Warum gab sich Ludwig »Nikolai« häufig als etwas aus, das er gar nicht war, also beispielsweise als Russe oder als Jude?
»Er wollte Jungs imponieren«, glaubt Hess. »Er war ein einsamer Mann auf der Suche nach Liebe und Halt«, meint Borchers. »Halt fand er in Religionen – und Liebe, naja.« Als er nach Berlin zog, »war er schon alt, damals kamen viele junge Leute nach Kreuzberg, die Freiheit und Abenteuer suchten, und er konnte da natürlich in vielem nicht mehr so mithalten«.
Dabei hätte der Mann, der sich »immer mit gebildeten, interessanten Menschen umgab«, das Erfinden von Geschichten gar nicht nötig gehabt, denn er sei auch so als intelligenter, gebildeter, charismatischer Mensch mit vielen kulturellen Interessen aufgefallen, meint Borchers.
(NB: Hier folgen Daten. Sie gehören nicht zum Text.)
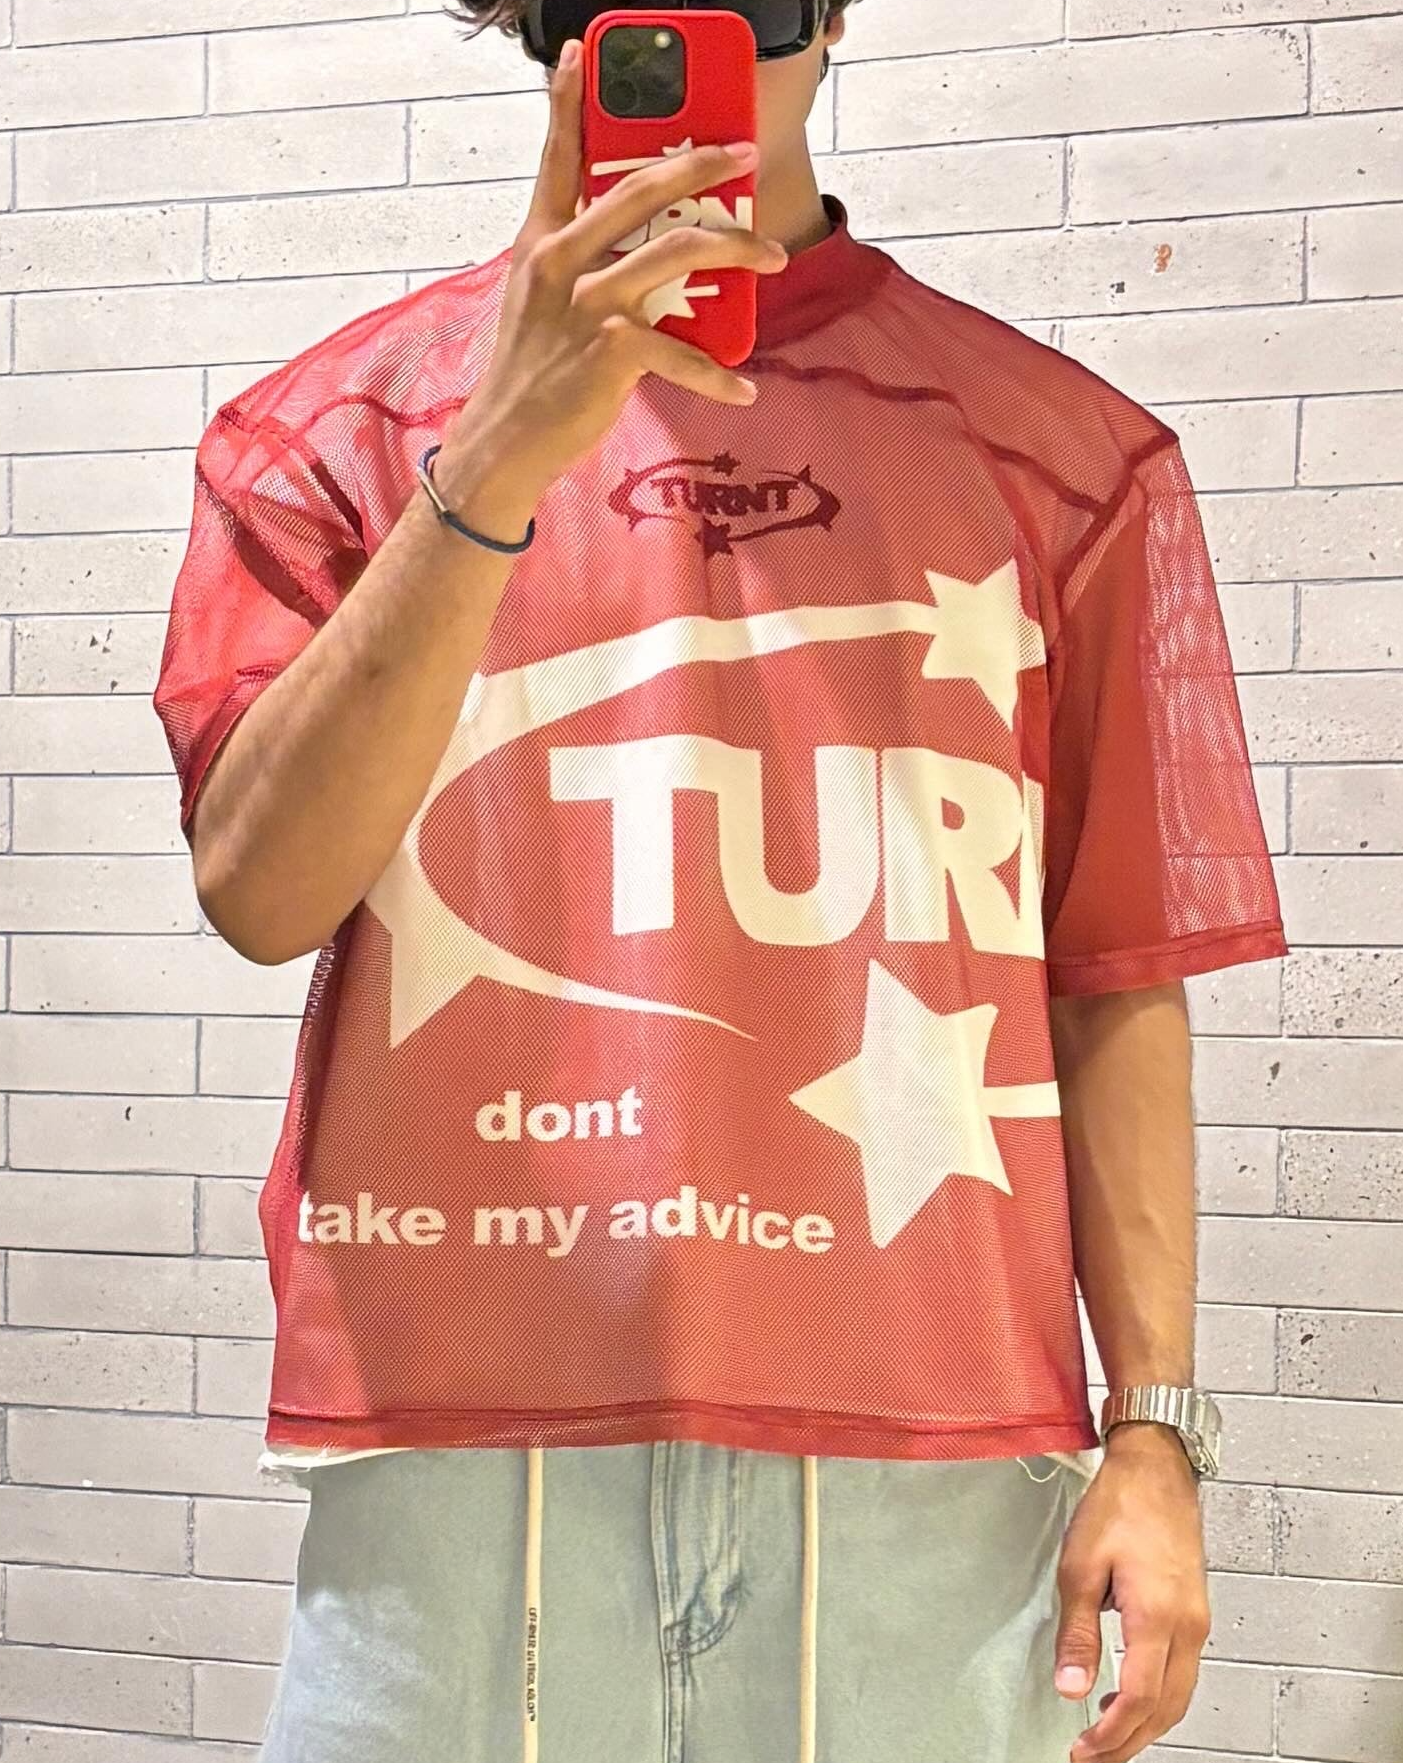 TURNT RED MESH JERSEY

Menkhoffs Leben in Kreuzberg war jedoch nicht einfach, nicht zuletzt wegen ständiger Geldsorgen. Er erhielt zwar eine kleine Rente, und auch Freunde halfen immer mal wieder aus, aber finanzielle Sicherheit kannte er nicht. Und dann wurde sein Leben plötzlich ganz real bedroht: 1985 stach ihn ein Mann auf dem Heinrichplatz regelrecht ab. Nach seiner Genesung wandte sich Menkhoff der Religion zu, konvertierte zum griechisch-orthodoxen Glauben und begann eine Freundschaft mit einem Mönch namens Vater Jelassiós, der in einem Kloster auf der Insel Athis lebt. Die beiden führten einen, wie seine Freunde sagen, »bigotten Briefwechsel«, der darin gipfelte, dass der Priester nach Menkhoffs Tod bekannt geben würde, Menkhoff sei gar nicht schwul gewesen, jedenfalls nicht mehr in den letzten Jahren seines Lebens, denn durch die Gebete sei er von seiner Homosexualität »geheilt« worden. »Wahrscheinlich hat er das selber geglaubt«, seufzen Hess und Borchers.
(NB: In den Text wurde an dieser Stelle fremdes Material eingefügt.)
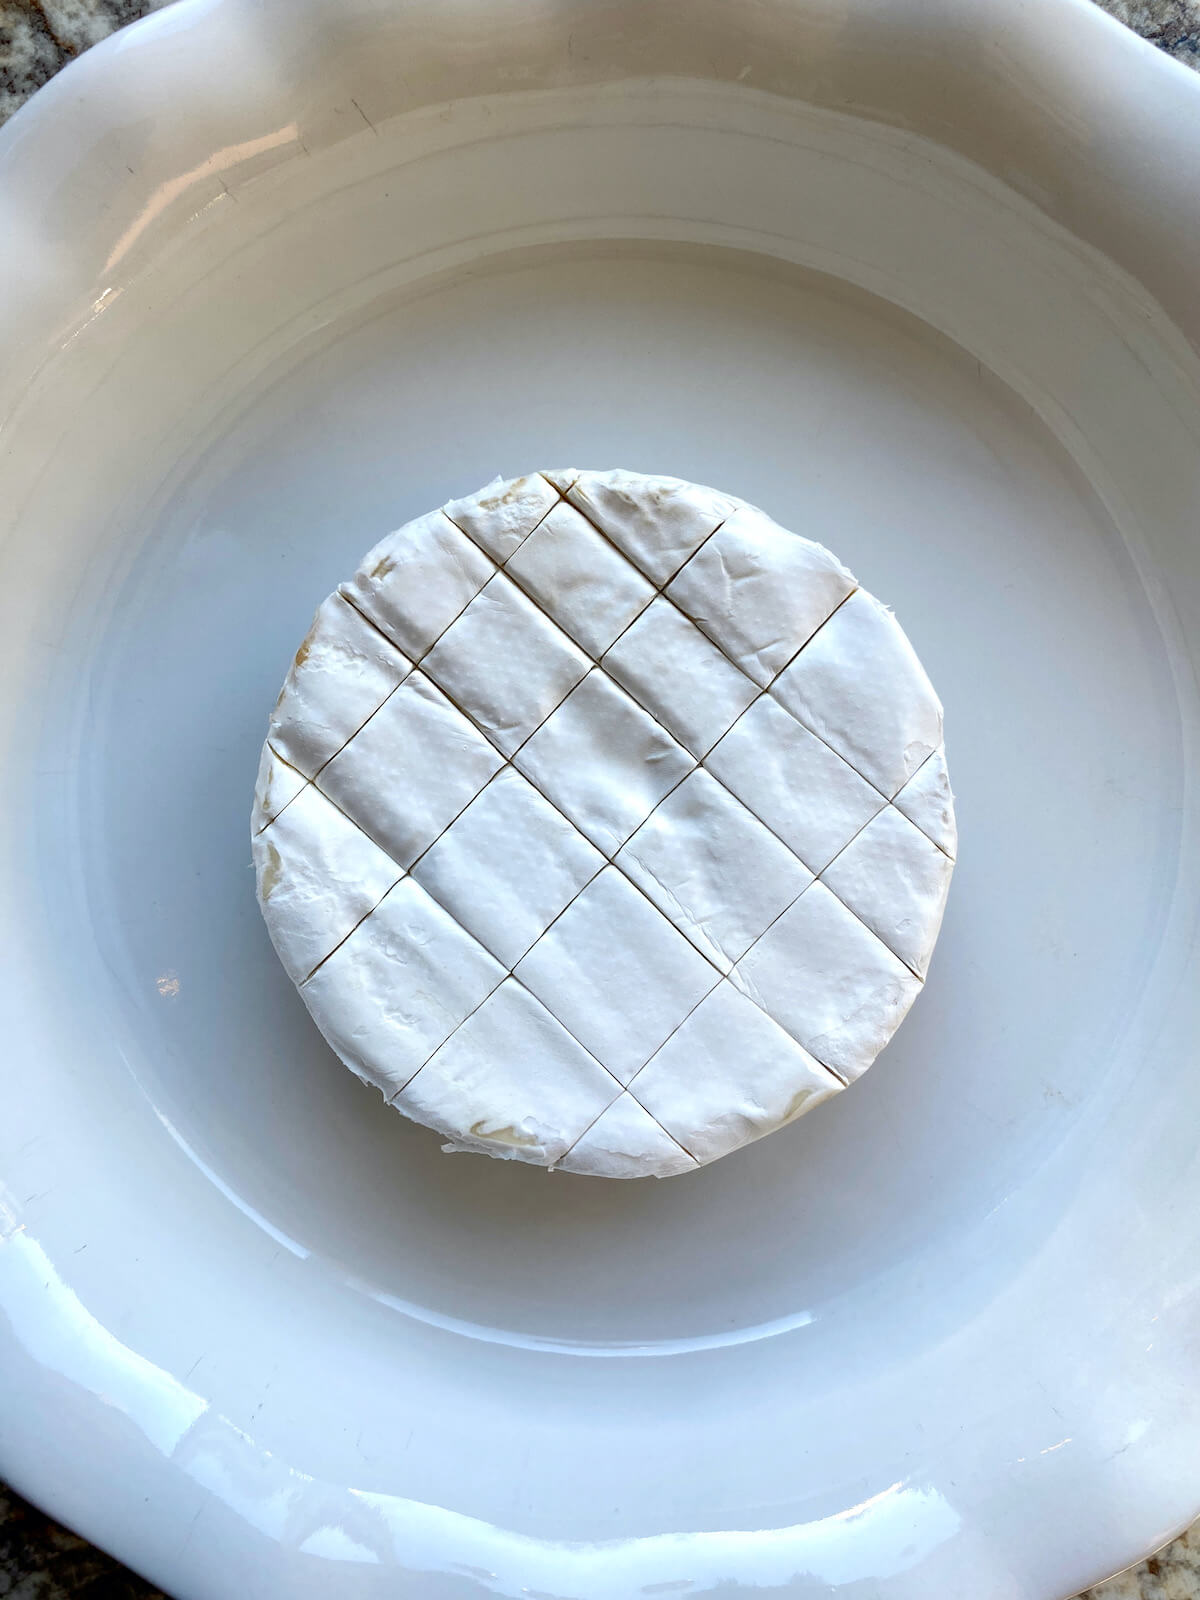 A wheel of Brie cheese with cuts through the top rind in a pie dish.

Ein Arzt im Urban-Krankenhaus, wo Menkhoff 2008 verstarb, habe über den Patienten gesagt: »Nie hat hier ein alter Mann so viele Kümmerer«, heißt es im Erinnerungsbuch. Und Erik Steffen schreibt über seinen verstorbenen Freund: »Mit ihm ist das kollektive Gedächtnis eines Bezirks verschwunden. Das langt. Das fehlt. Das ist ein Fuck wert. Was bleibt: eine Leerstelle für alle.« Aber immerhin: Die Fotos sind ja noch da. Und die Geschichten.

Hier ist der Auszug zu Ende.